Огни в стартовом стволе начали менять свой цвет на бледно-зеленый. До момента запуска оставалось менее минуты.
На экране связи появился фрагмент рубки другого «Фантома». Лица пилота, сидящего в кресле пилот-ложемента, не было видно за полупрозрачным компьютеризированным забралом боевого шлема.
– Кейтлин?
– Да? – отозвалась она, не проявив при этом никаких эмоций. – Кто вызывает?
– Семен Шевцов.
– Я слушаю.
– Ты писала стихи, когда мы сидели в салоне перед началом тревоги, – произнес Семен. Он не мог и не умел стесняться, и потому вопрос вышел деловым, сжатым, по существу, как привыкло формулировать сознание любую мысль.
– Да, – подтвердила она.
– Откуда у тебя информация о том, что мы спали? Почему ты писала о криогенном взрослении и цифровой вселенной?

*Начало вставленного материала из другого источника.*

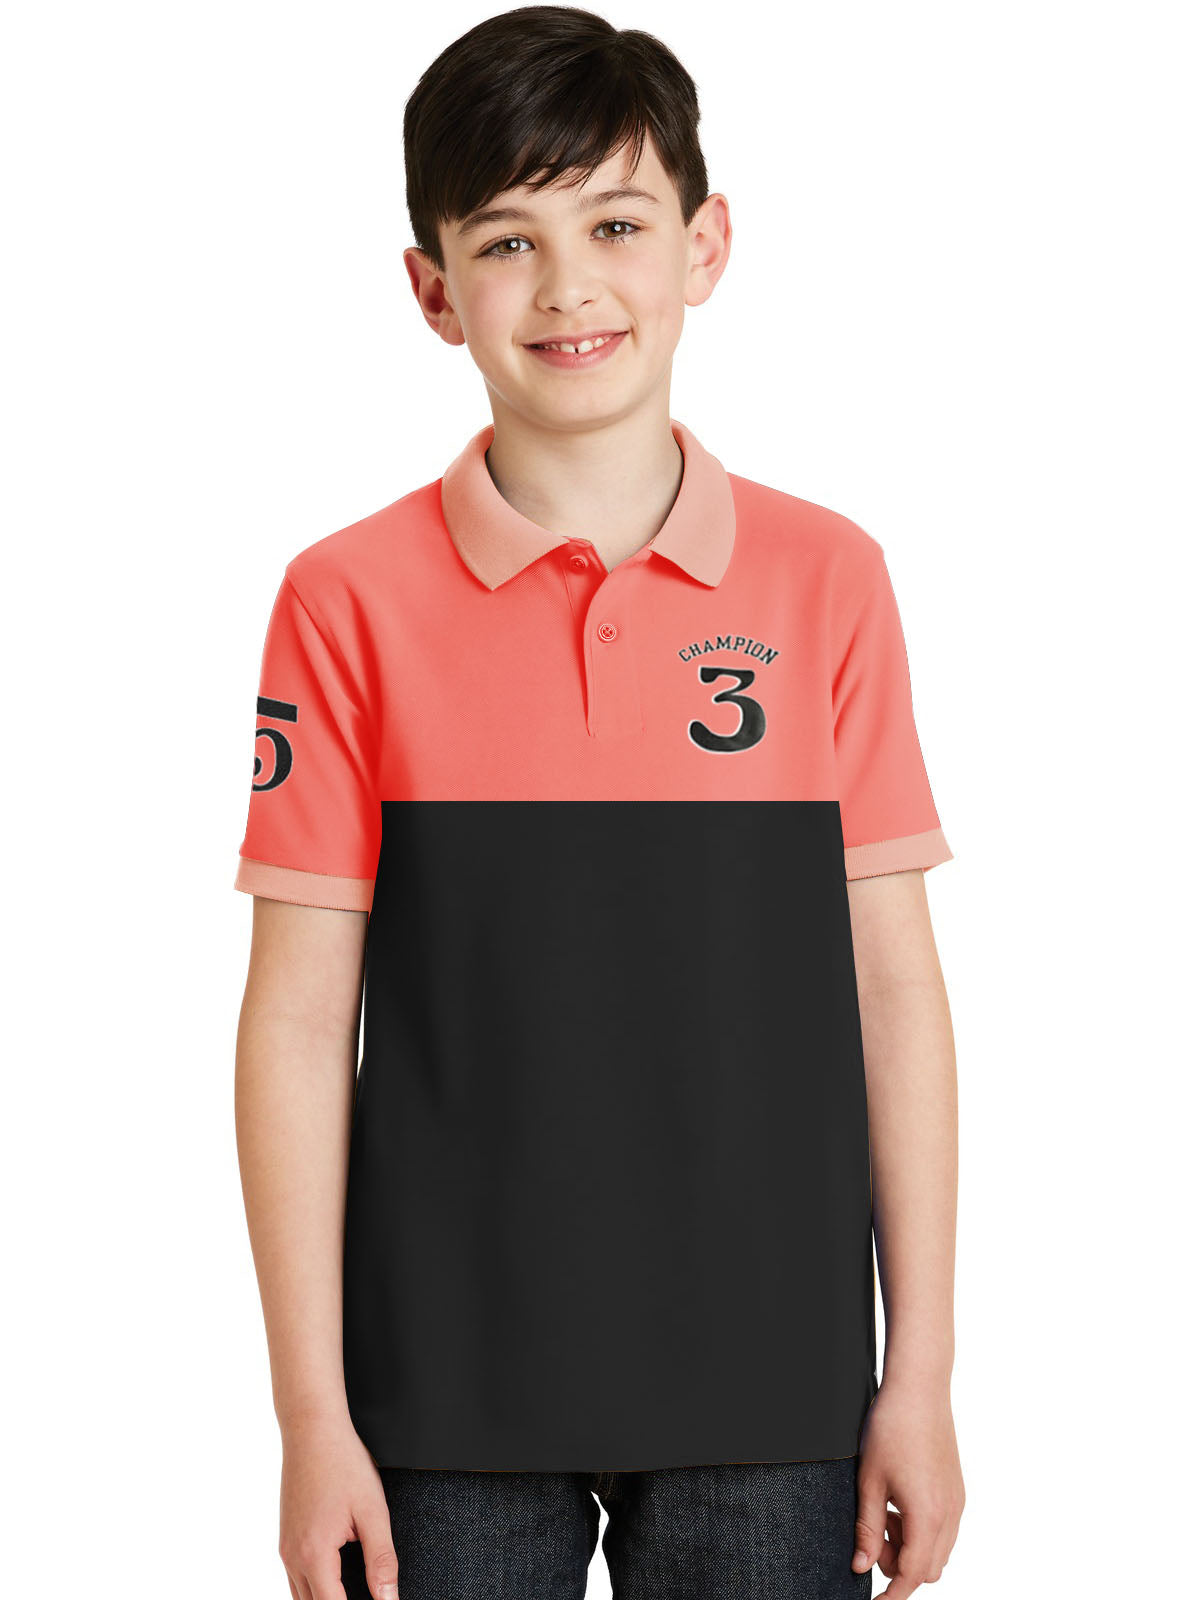 Champion Single Jersey Polo Shirt For Kids-Coral Pink & Black Panels-SP1685/RT2406

Голова в гермошлеме чуть повернулась, и теперь сквозь дымчатое забрало стали смутно видны черты ее лица.
– Меня разбудили раньше других, – спокойно пояснила она. – Я видела все своими глазами. Мы спали. Я и еще несколько человек помогали в пробуждении остальных.
– Значит, все наше прошлое ненатурально?
– Я не могу ничего утверждать. Я видела огромные залы, сплошь заполненные рядами анабиозных камер, и помогала поднимать из криогенного сна тысячи моих ровесников. – Ее голос внезапно дрогнул на следующей фразе: – А стихи… Они возникли в голове сами собой. Я не знаю почему.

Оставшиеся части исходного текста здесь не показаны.